Thanks You
But my problem is not solved
Consider these four data sets whose sum is equal to 1, because these are probabilities
data1 = {0.20, 0.2, 0.2, 0.2, 0.2};
data2 = {0, 0, 1, 0, 0};
data3 = {0.2, 0.4, 0.1, 0., 0.3};
data4 = {0.15, 0.5, 0.05, 0, 0.3}
When I do the calculation with the formula of Shannon, I get 1.60944 for data 1, and 0 for data2
-(0.2 Log[0.2] + 0.2 Log[0.2] + 0.2 Log[0.2] + 0.2 Log[0.2] +
0.2 Log[0.2])
But, with the Entropy[] instruction, I get for data1 Log[5] - the result of Entropy[data1]
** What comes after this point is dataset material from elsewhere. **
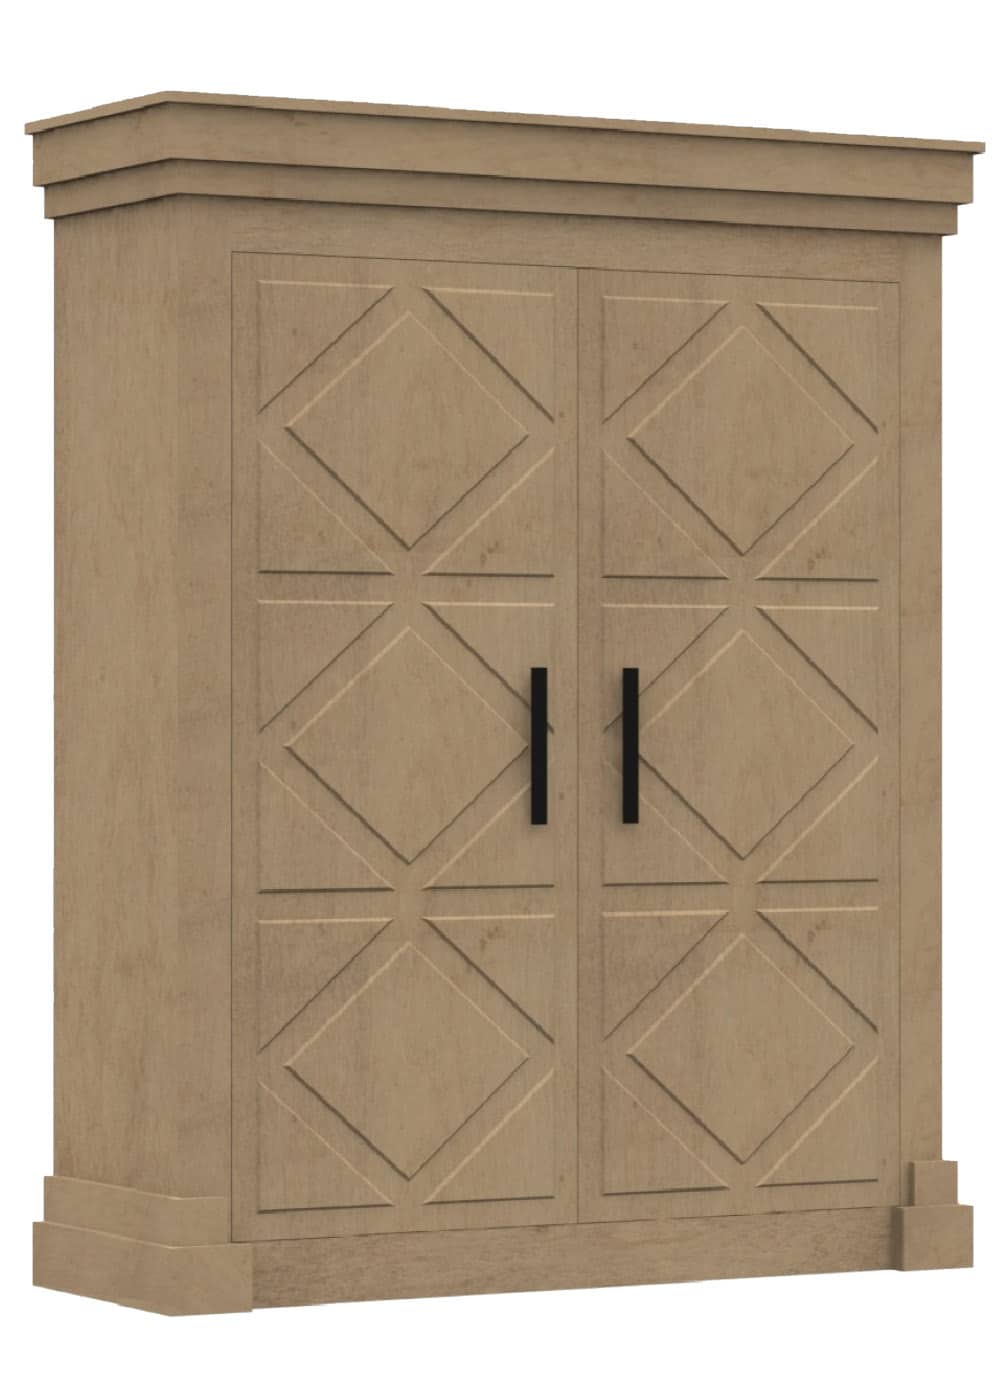 Edgemont Pantry Storage Refrigerator Cabinet with diamond detail pattern by Woodland furniture in Idaho Falls

And now for data2, with the formula of Shannon, I have a result of 0, but with the Entropy[] instruction I get 0.500402 for data2, and not Log [5] -Entropy [data2]
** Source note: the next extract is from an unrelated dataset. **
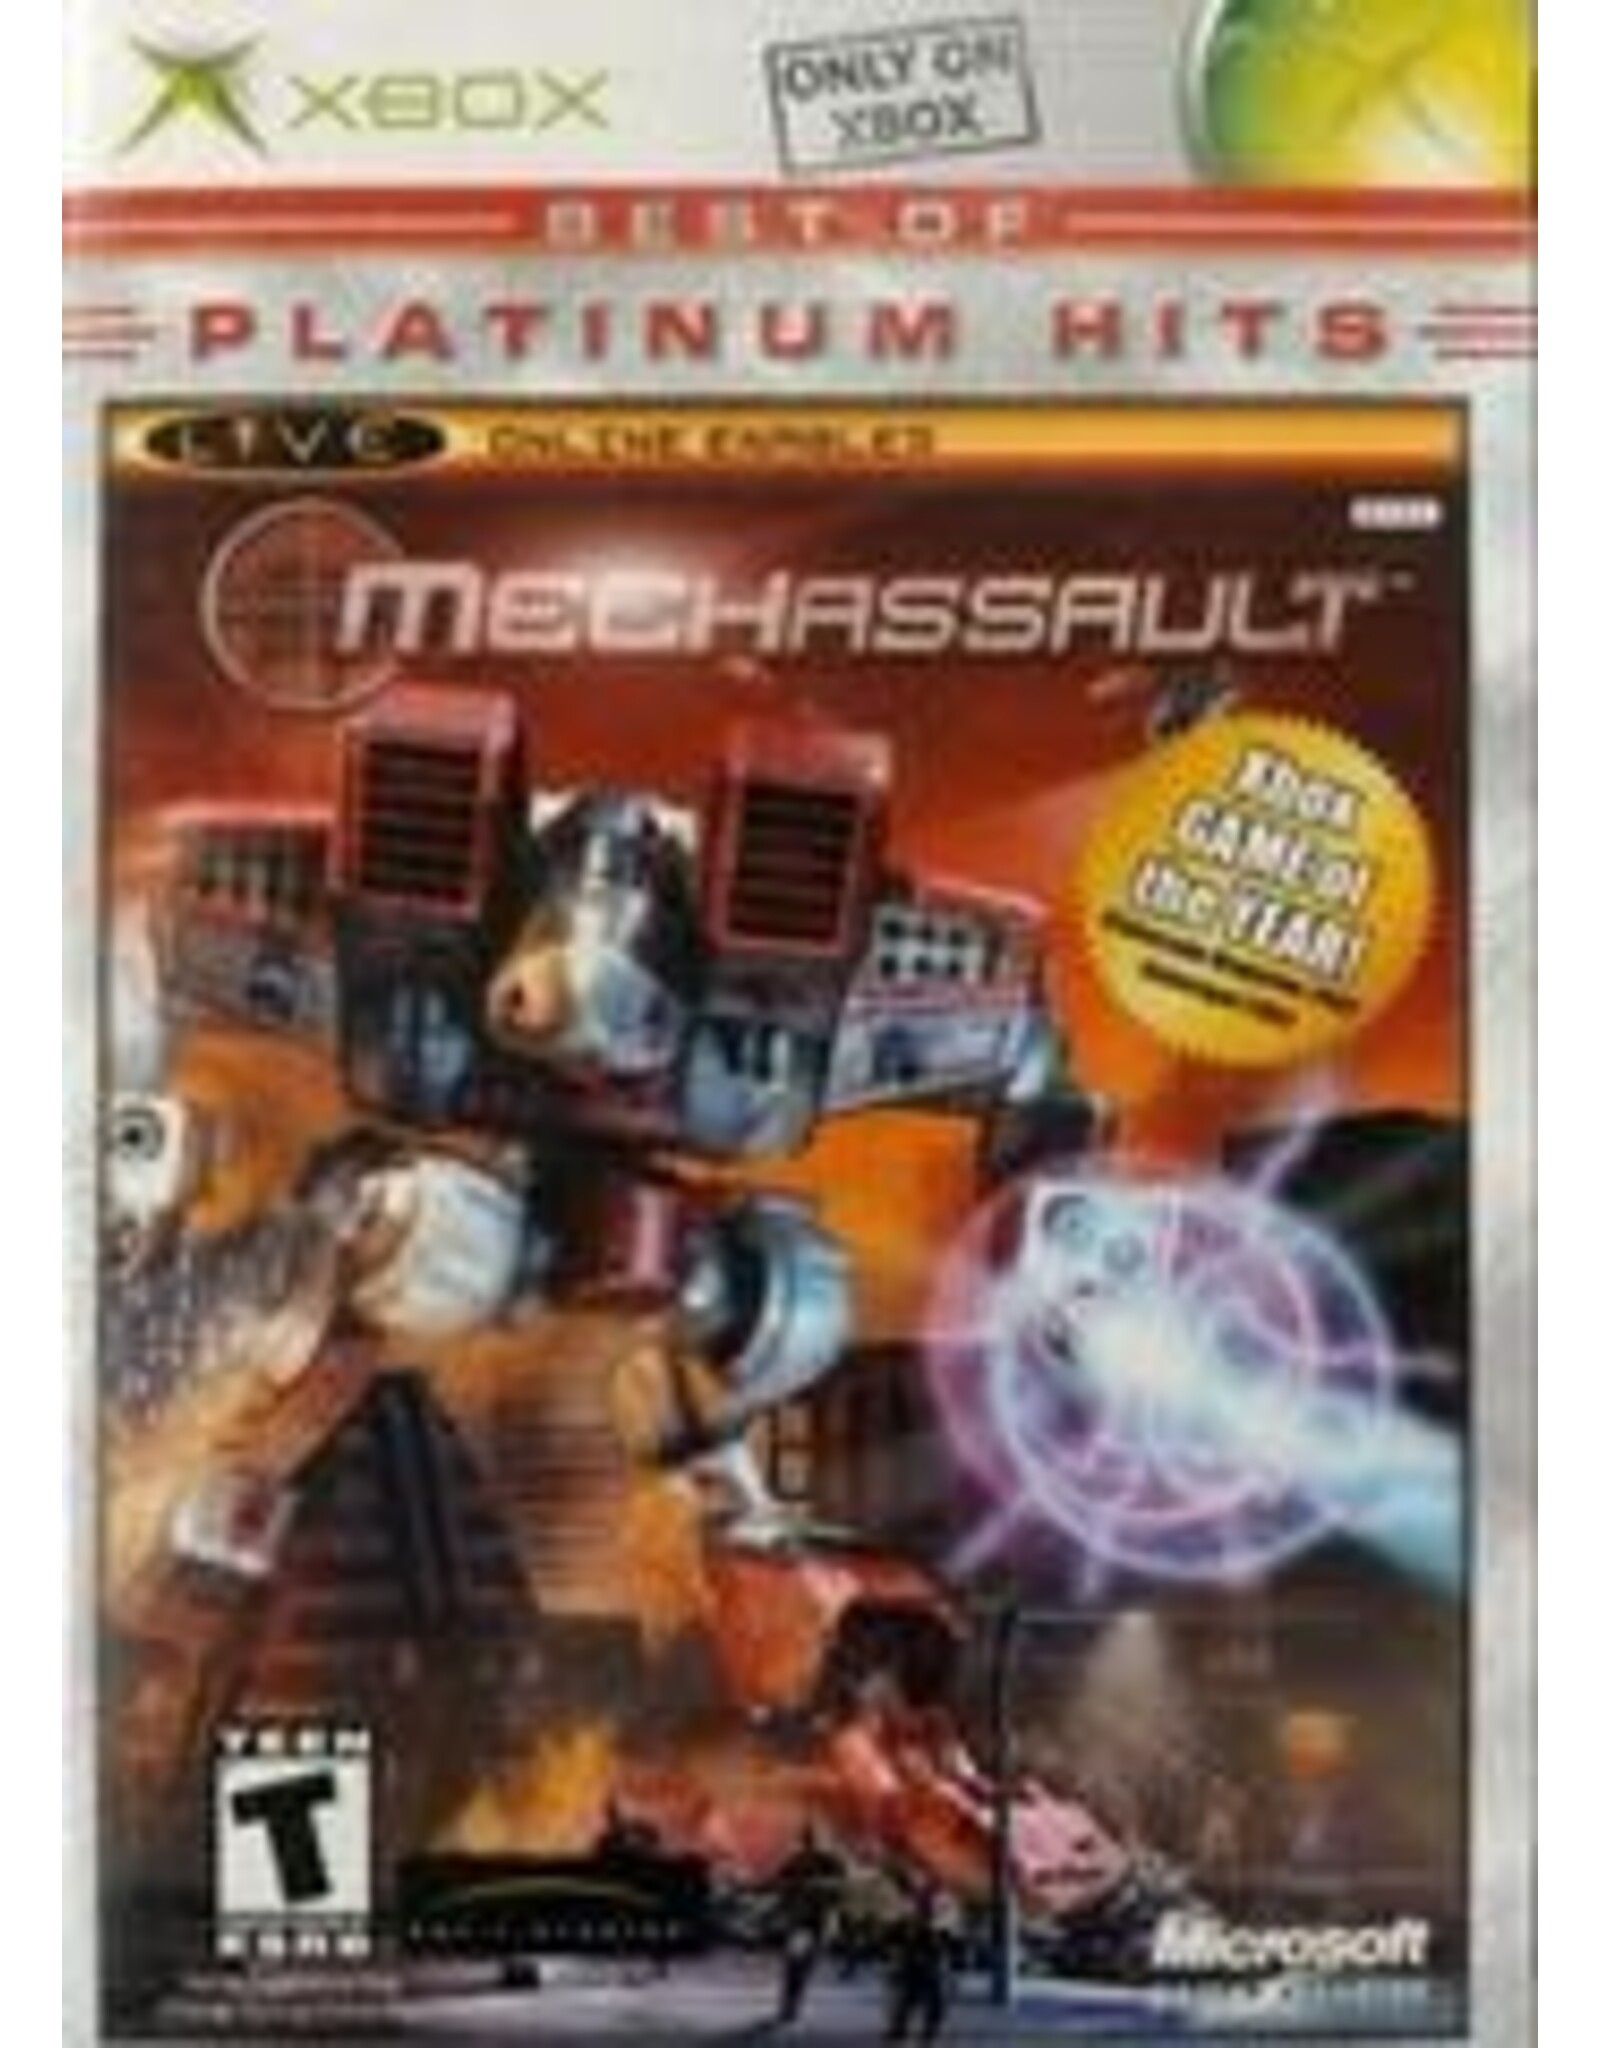 Xbox MechAssault (Best Of Platinum Hits, No Manual)

With data3 and data4 is even more complicated
The result of the calculation with the formula of Shannon, gives 1.27985 but Entropy [data3] gives 1.60944 and equal to Log[5].
And if I change my probabilities and processes such Data4 the résulat remains equal to Log [5] with Entropy[data4], but the formula of Shannon gives 1.14212.
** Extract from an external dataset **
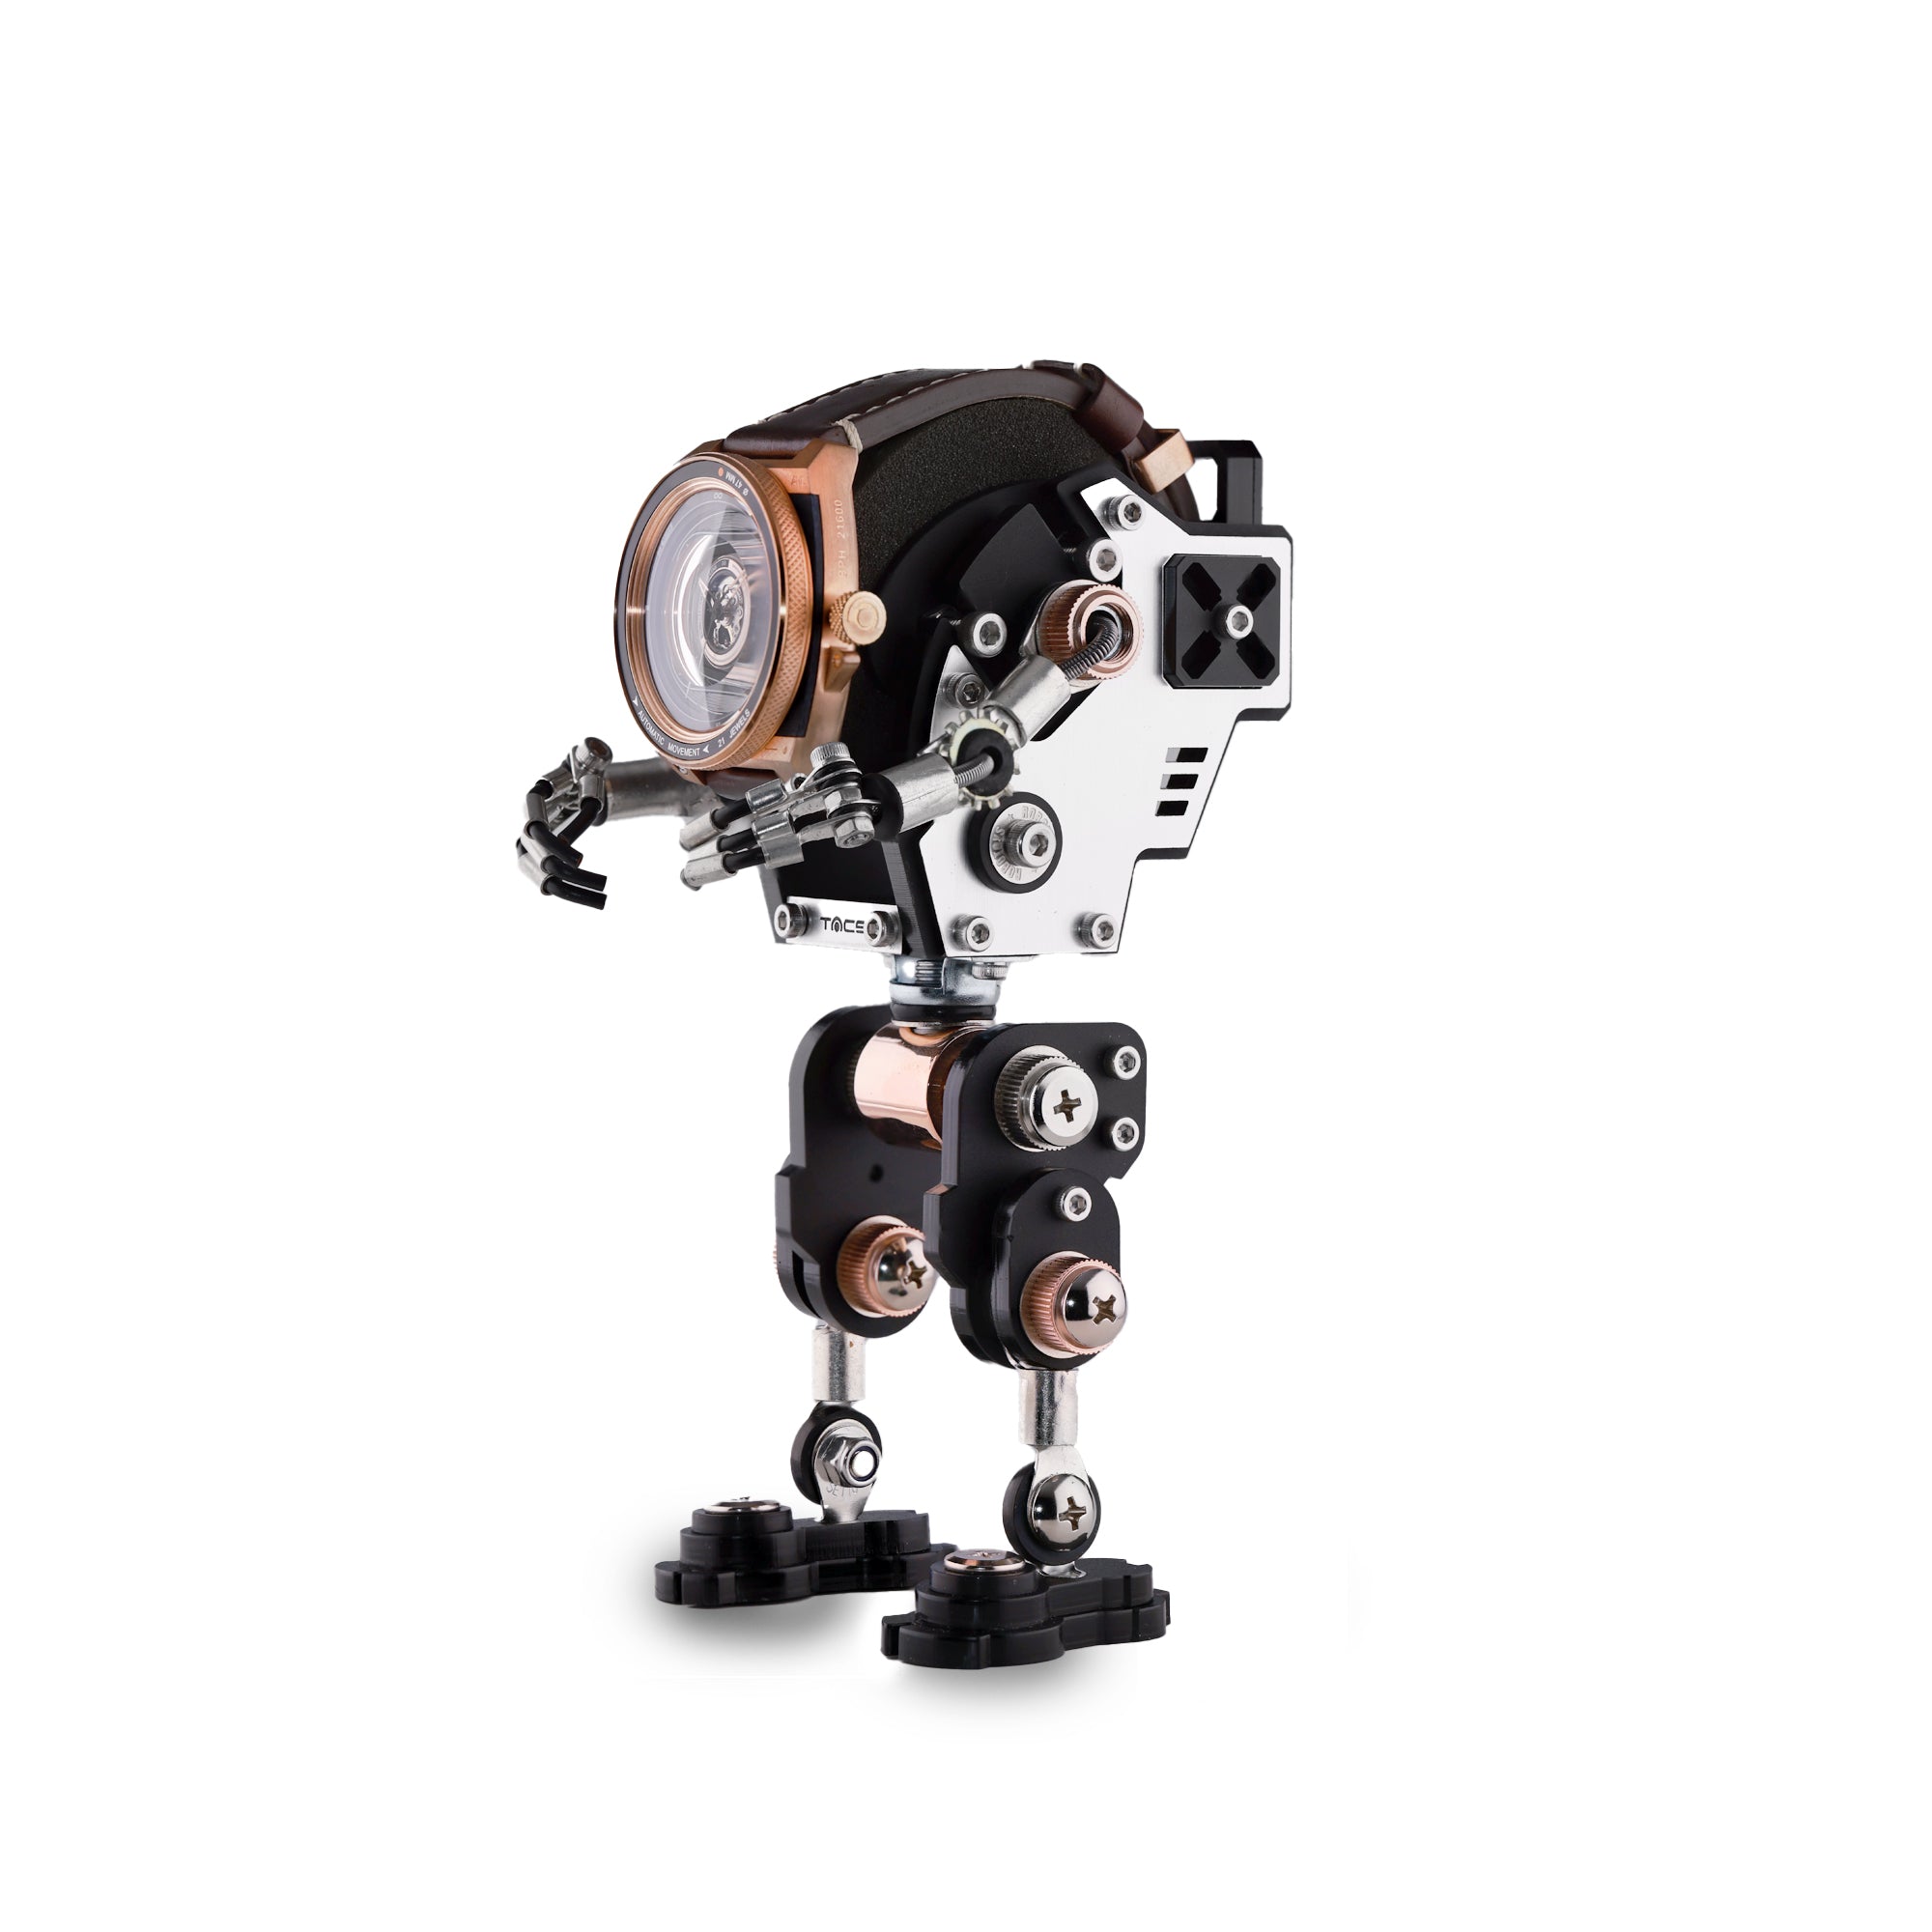 TACS AVL II Bronze X Robotoys Limited Edition (TS1803O)

So, I verified with the little program proposed by Fred Garber
SetAttributes[LogProduct, Listable];
LogProduct[x_, y_] := x Log[y] /; x != 0 || y != 0
LogProduct[x_, y_] := 0.0 /; x == 0 && y == 0
entro[list_] := -Plus @@ LogProduct[list, list]
And I have the same results that I have calculated with the formula of Shannon.
I think that Entropy[] is not the entropie of Shannon.